• **Data excerpt**
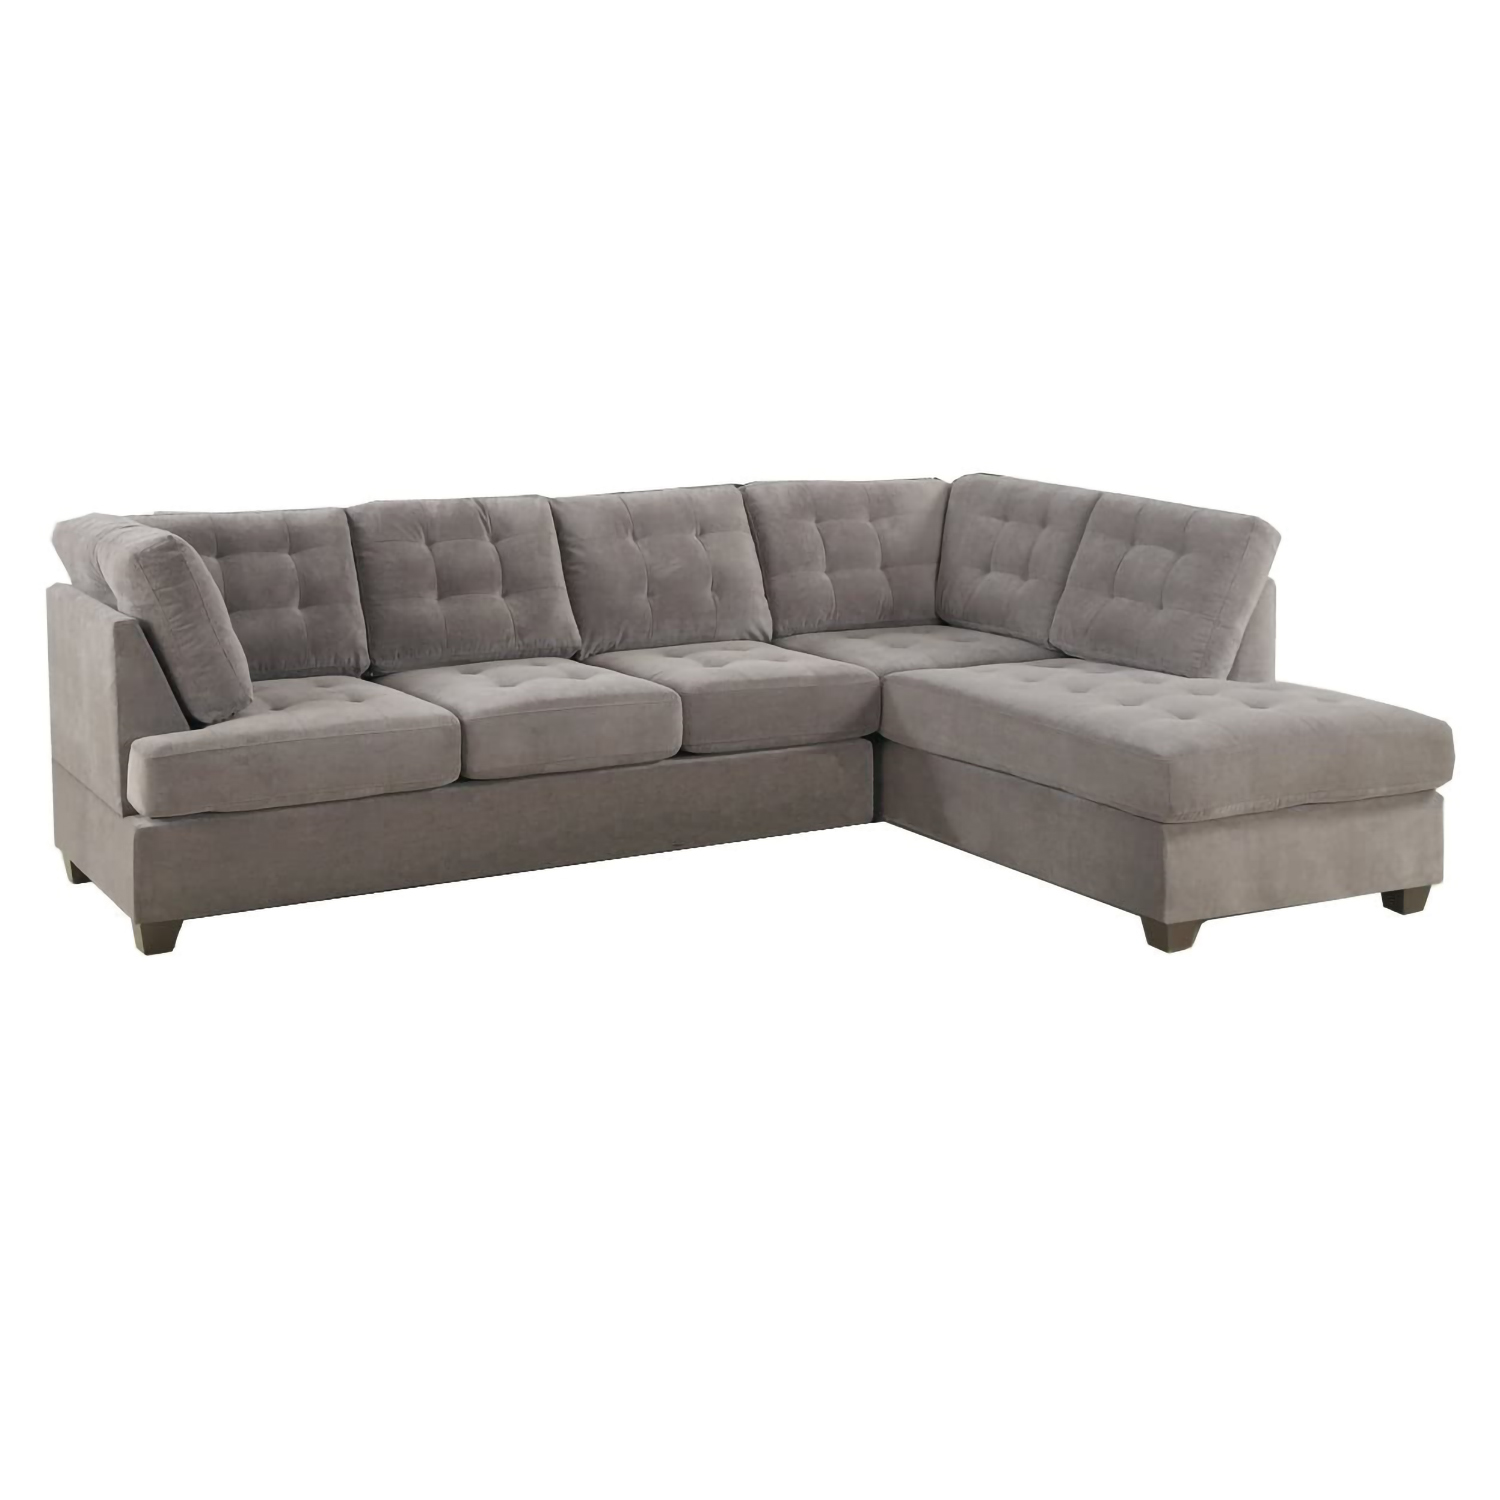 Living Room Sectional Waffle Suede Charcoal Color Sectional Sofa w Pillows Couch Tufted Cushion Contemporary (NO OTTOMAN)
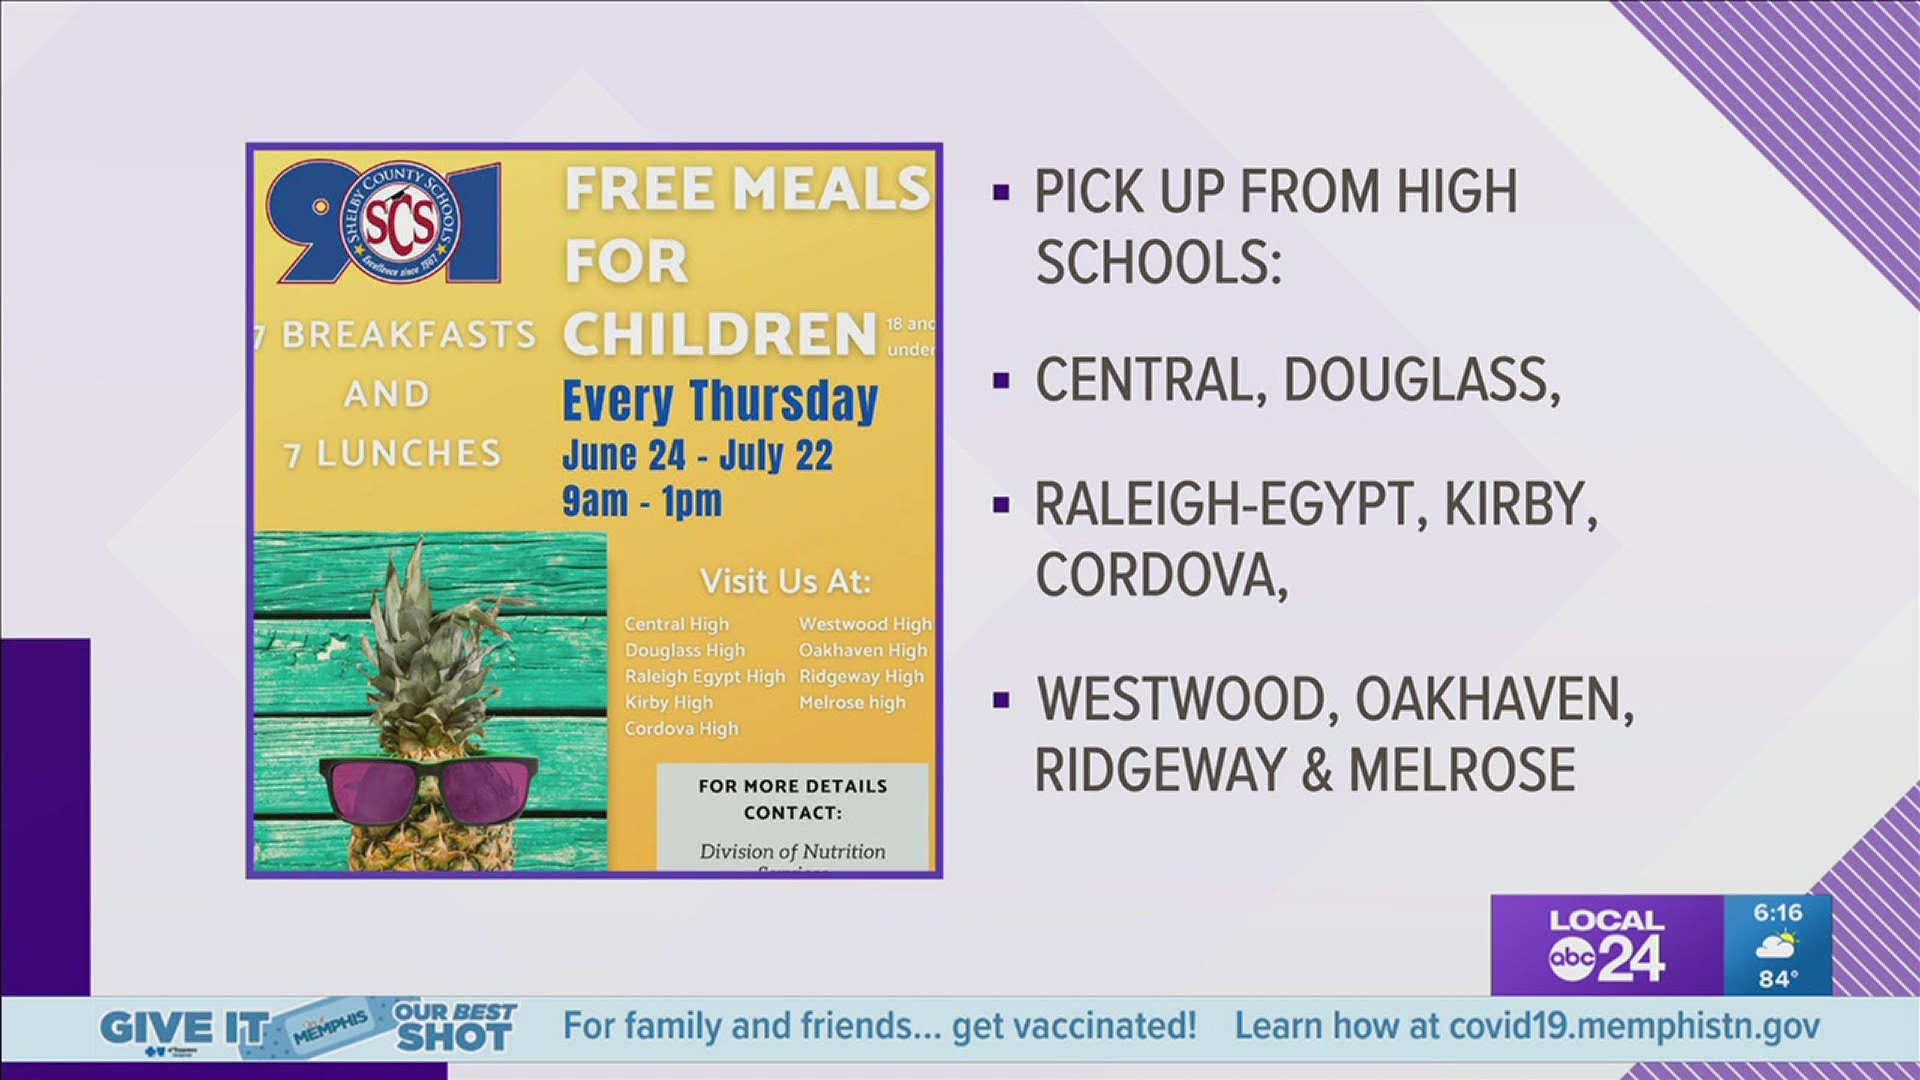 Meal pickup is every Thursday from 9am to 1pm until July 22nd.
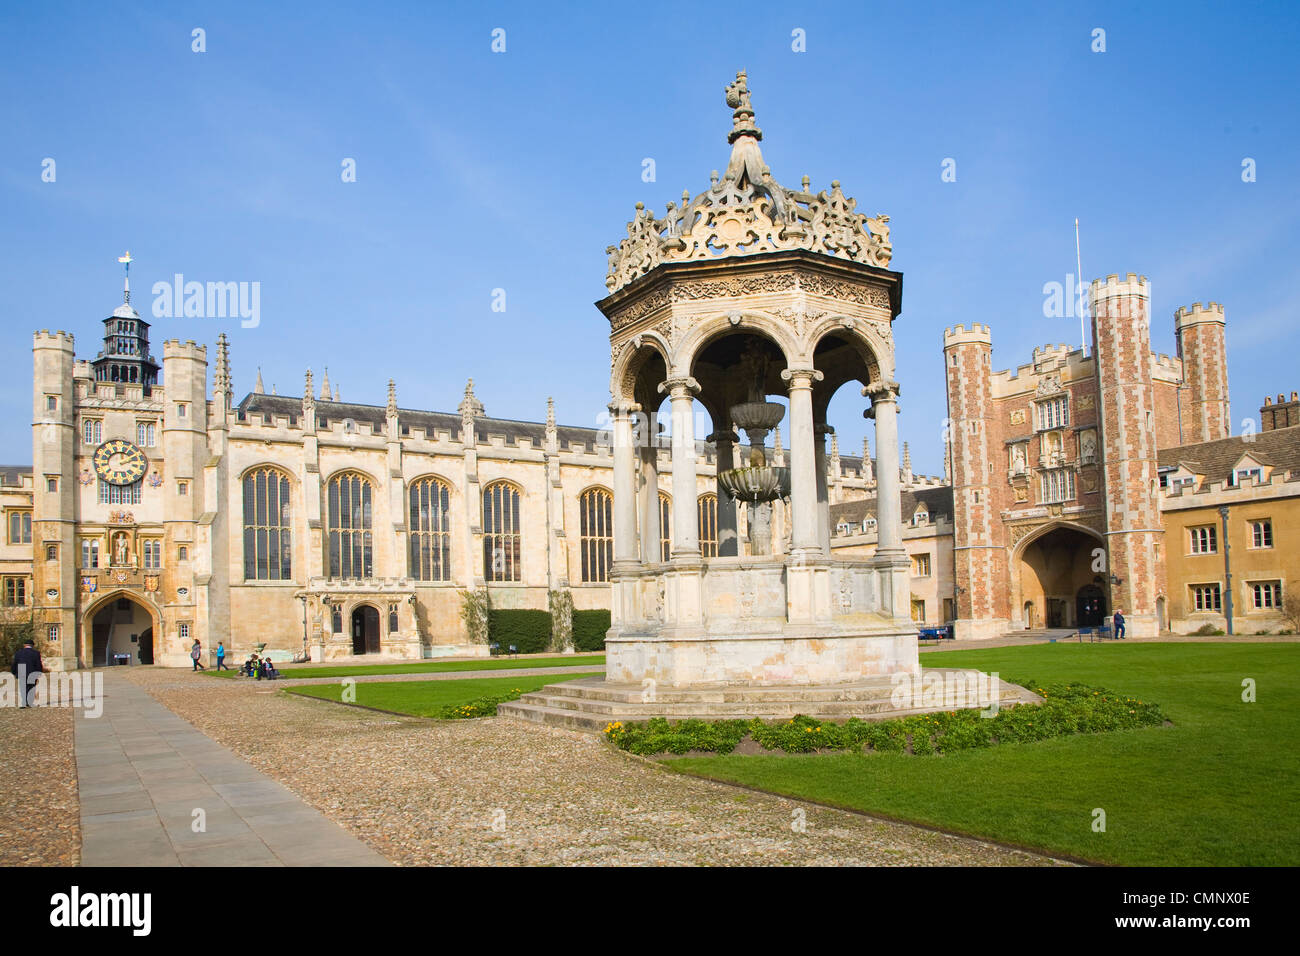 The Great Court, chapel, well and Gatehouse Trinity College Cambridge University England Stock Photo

• **Activity**
Print out the material word for word, omitting the pictures.

• **Answer below**
 Living Room Sectional Waffle Suede Charcoal Color Sectional Sofa w Pillows Couch Tufted Cushion Contemporary (NO OTTOMAN)
 Meal pickup is every Thursday from 9am to 1pm until July 22nd.
 The Great Court, chapel, well and Gatehouse Trinity College Cambridge University England Stock Photo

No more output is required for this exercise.